В древнем дворянском роду Михалковых сыновей часто называли именами Сергей и Владимир. На иконе “Спас Нерукотворный”, попавшей в музей, есть надпись: “Сим образом благословил сына своего Сергей Владимирович Михалков 29 августа 1881 года. Этот образ принадлежал стольнику и постельничему Константину Михалкову — четвероюродному брату царя Михаила Федоровича Романова”. Есть в музее и другая семейная икона, написанная в середине XVII века предком Сергея Владимировича Михалкова. Автору гимнов СССР и России, надписи на Могиле Неизвестного Солдата: “Имя твое неизвестно, подвиг твой бессмертен”, автору строк, запомнившихся с детства всем, кто говорит по-русски, — исполнилось 90. По случаю юбилея он дал интервью обозревателю “МК” Льву Колодному.


— Сергей Владимирович, вернули вам семейные иконы, которые вы нашли в музее Рыбинска?

— Нет, не вернули.

— Чувство классовой ненависти в вашей душе пробудилось к тем, кто лишил вас икон, дворянства, домов и имений?

— Ничего меня не лишили, потому что у отца собственности не было. Имение принадлежало моему прадеду. Я жил там у деда. Дом на Волхонке, 6, где родился, не принадлежал отцу. То был доходный дом, которым владел мой двоюродный дед, Сергей Владимирович Михалков, а строил его некто Маршак, вот такое сочетание — Михалков и Маршак...

Моим крестным был генерал-губернатор Москвы Джунковский, назначенный незадолго до моего рождения товарищем министра внутренних дел и командиром отдельного корпуса жандармов.

— У вас глубокие связи с монархическим прошлым…

— Но воспитан я советской страной, советской школой, советской средой, советским обществом. В 1917 году мне было 4 года, а когда распался Советский Союз — около 80 лет. То есть я человек той эпохи от начала до конца, человек сталинской эпохи, все это, конечно, отразилось на моей психологии, на моем творчестве.

Моя няня нечаянно упустила коляску, она перевернулась вместе со мной, отчего я начал заикаться. Родителям посоветовали пригласить для присмотра за детьми немку, Эмму Ивановну. Благодаря ей я и два моих брата стали не только свободно говорить по-немецки, но и читать в подлинниках Шиллера и Гете. Русскому и Закону Божьему учил сельский священник отец Борис. Его арестовали и расстреляли.

— И генерала Джунковского в 73 года расстреляли...

— Да, в двенадцать лет я побывал у крестного, он меня рекомендовал издателю детских книг Мириманову. Старик уважительно принял меня в частном издательстве на Гоголевском бульваре, 7, дал три рубля.

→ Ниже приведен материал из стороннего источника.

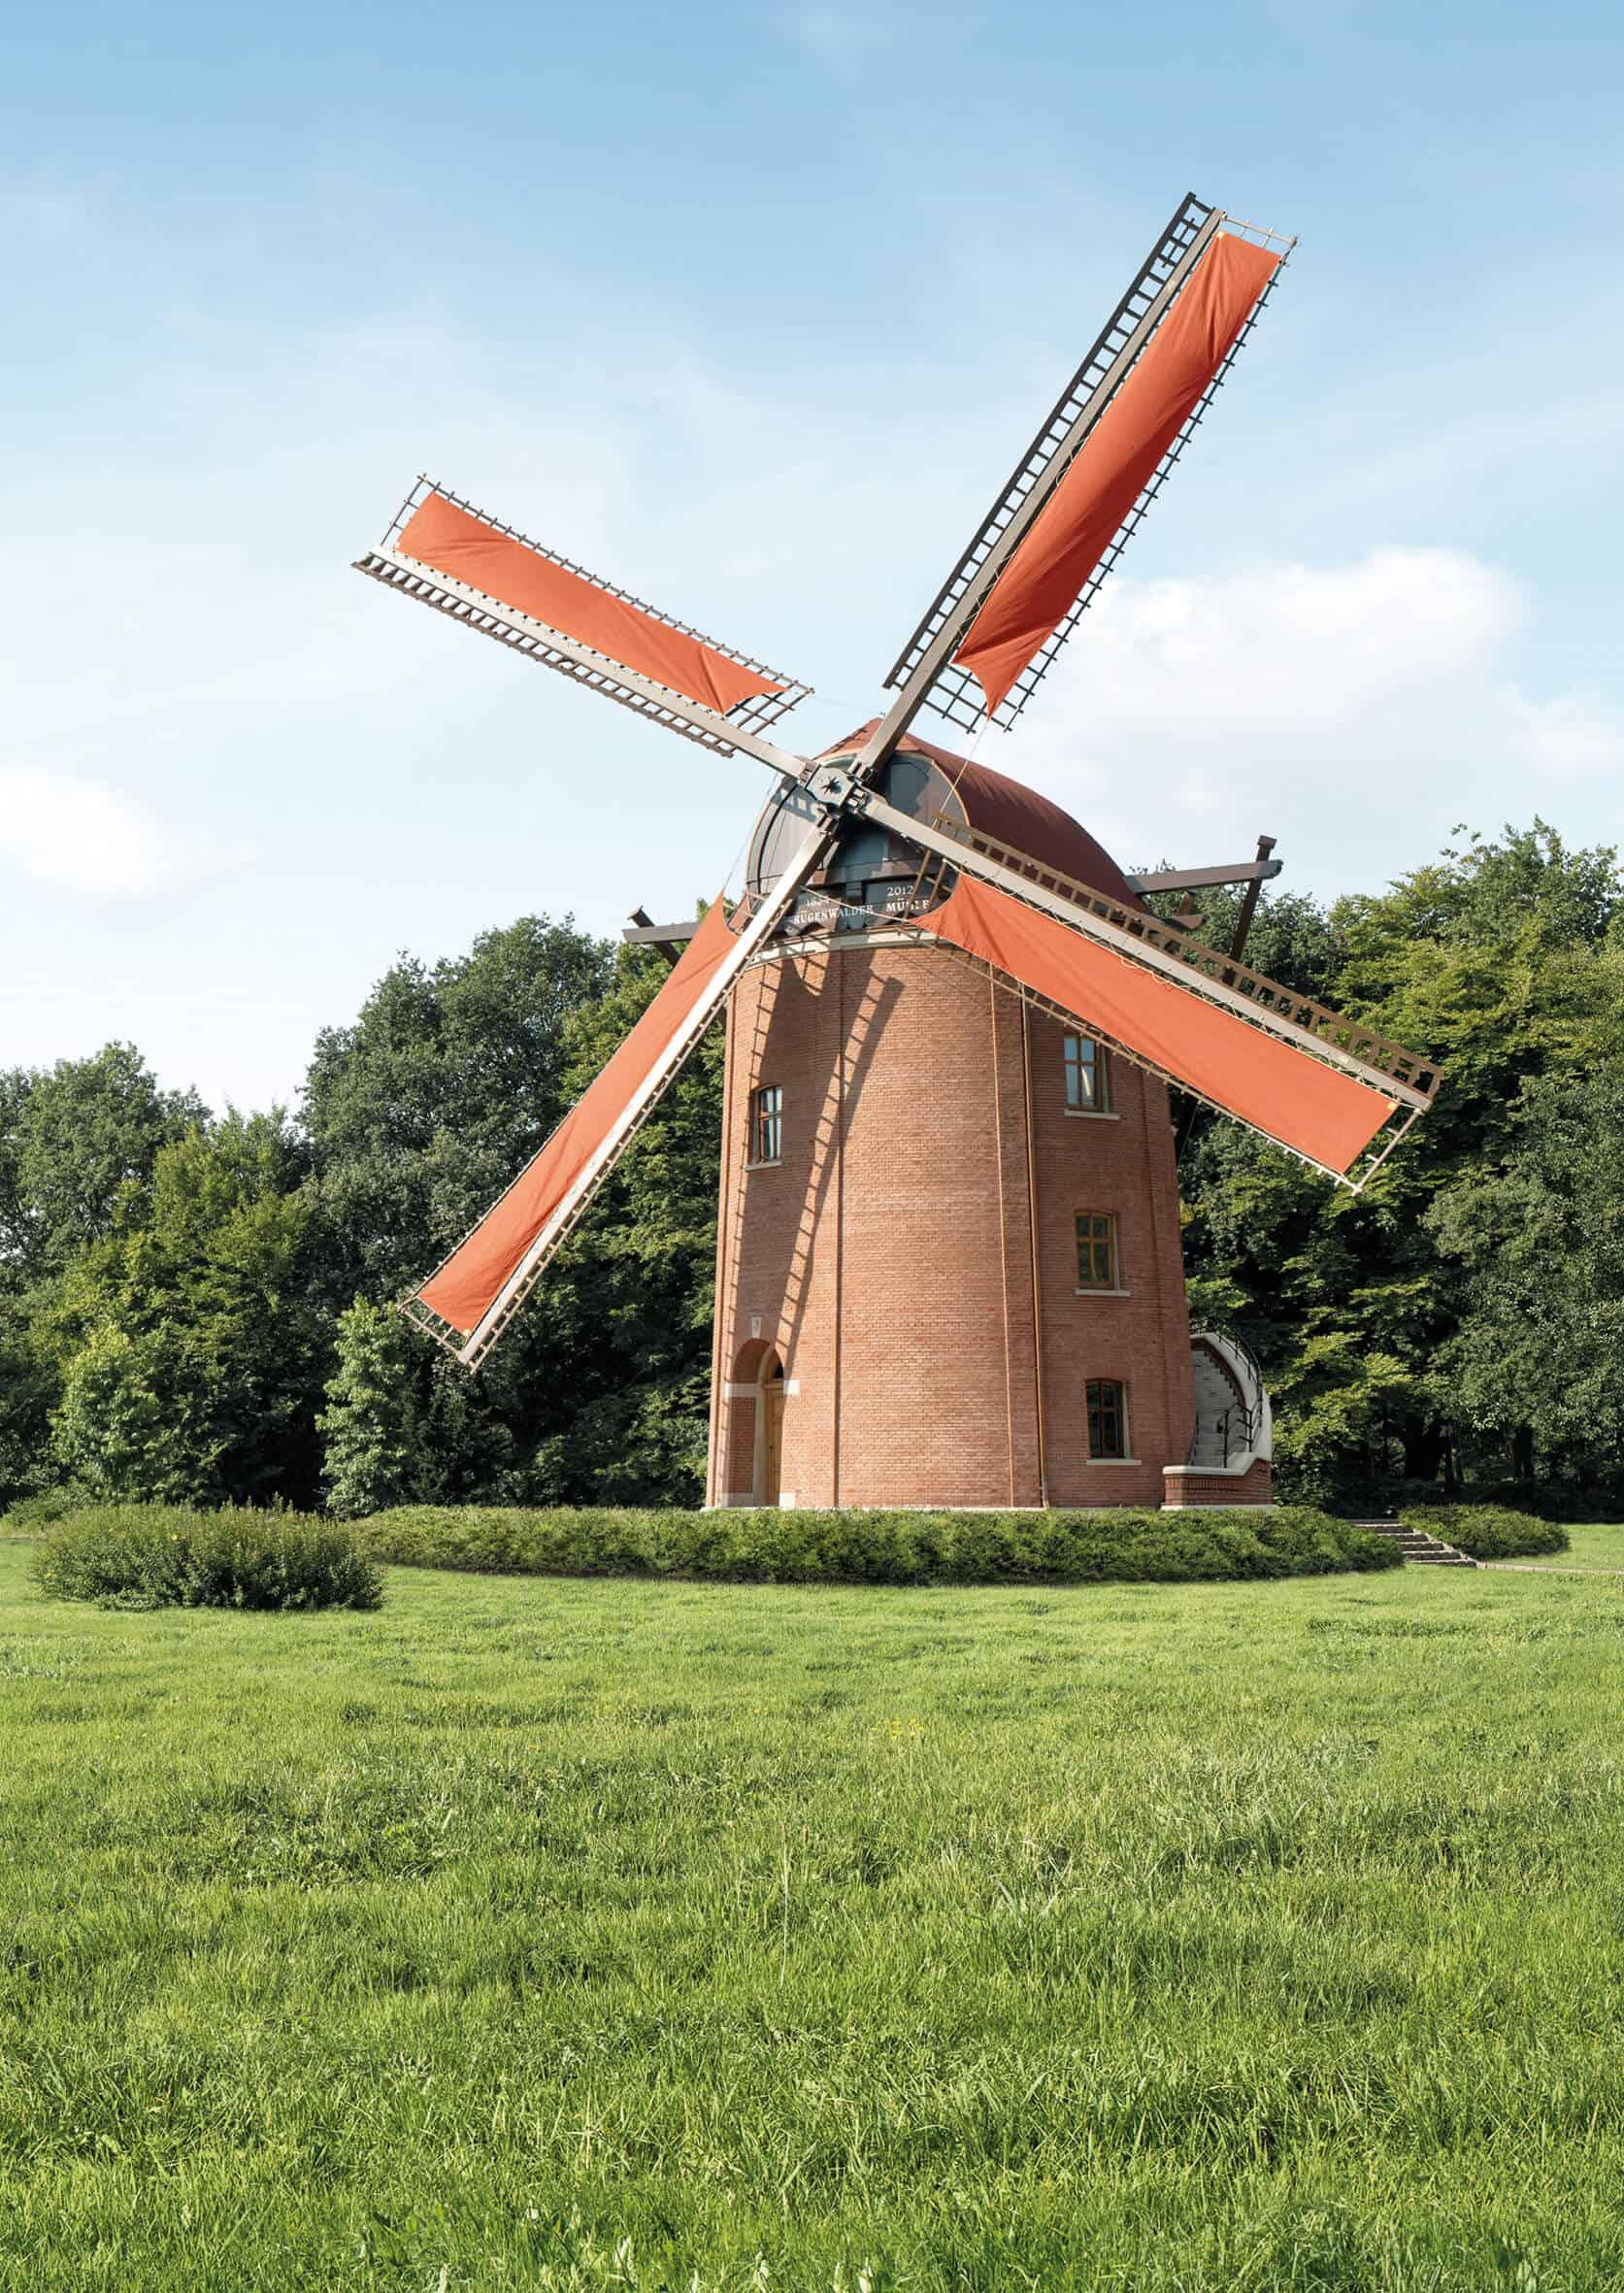 ruegenwalder_muehle windmill

То был мой первый авторский гонорар. Оставленную для просмотра рукопись вернул.

— Почему ваша семья оказалась в Пятигорске?

— Отец оставил Москву, думаю, не без умысла, чтобы не только заниматься птицеводством, но и быть подальше от тех, кто присматривал за “бывшими”.

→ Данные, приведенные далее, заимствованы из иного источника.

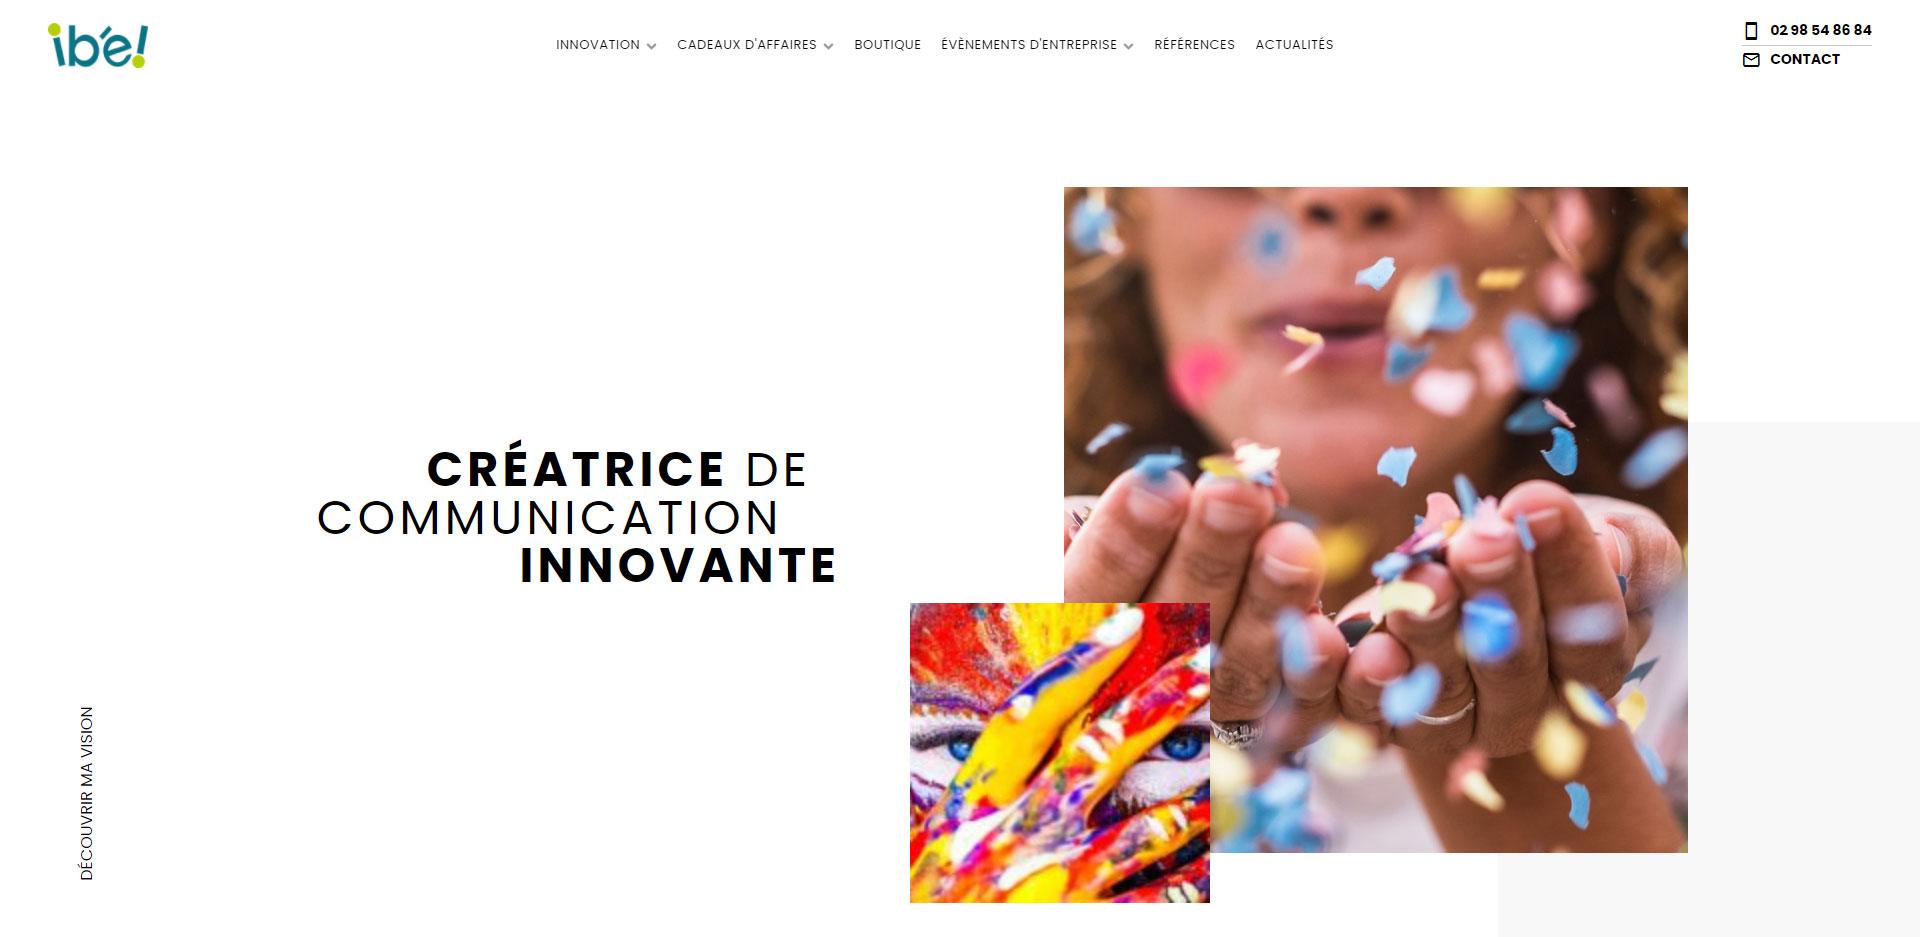 Ibe - Agence de communication par l'objet et en événementiel à Concarneau

— У вас был поразительный взлет: в 26 лет наградили орденом Ленина, год спустя “за стихи для детей” присудили Сталинскую премию, еще через год вторую Сталинскую премию вручили за сценарий фильма “Фронтовые подруги”. Когда вы начали публиковаться?

— В пятнадцать — напечатал в журнале первые стихи. Вернулся в Москву в семнадцать лет один. Работал грузчиком на Москворецкой ткацко-отделочной фабрике, уезжал с геологической экспедицией, изыскательской партией. И писал стихи, посылал их в редакции. “Марш эскадрилий” опубликовал “Огонек”. Его перепечатала “Правда”, и меня приняли в отдел писем “Известий”. Все это было счастьем!

— Не представляю вас в таком отделе. Чем вы там занимались?

— Отвечал на письма и печатал детские стихи, учился в Литературном институте, испытывал нежные чувства к девушке по имени Светлана. Она училась там же и ко мне интереса не проявляла. Чтобы ее заинтересовать, шедшую в номере газеты “Колыбельную” переименовал в “Светлану”.

Я тебя будить не стану:

Ты до утренней зари

В темной комнате, Светлана,

Сны веселые смотри.

Девушку-блондинку теми рифмами не пленил. Тронули они сердце отца дочери по имени Светлана. “Ваши стихи в “Известиях” понравились товарищу Сталину. Он поручил мне с вами встретиться”.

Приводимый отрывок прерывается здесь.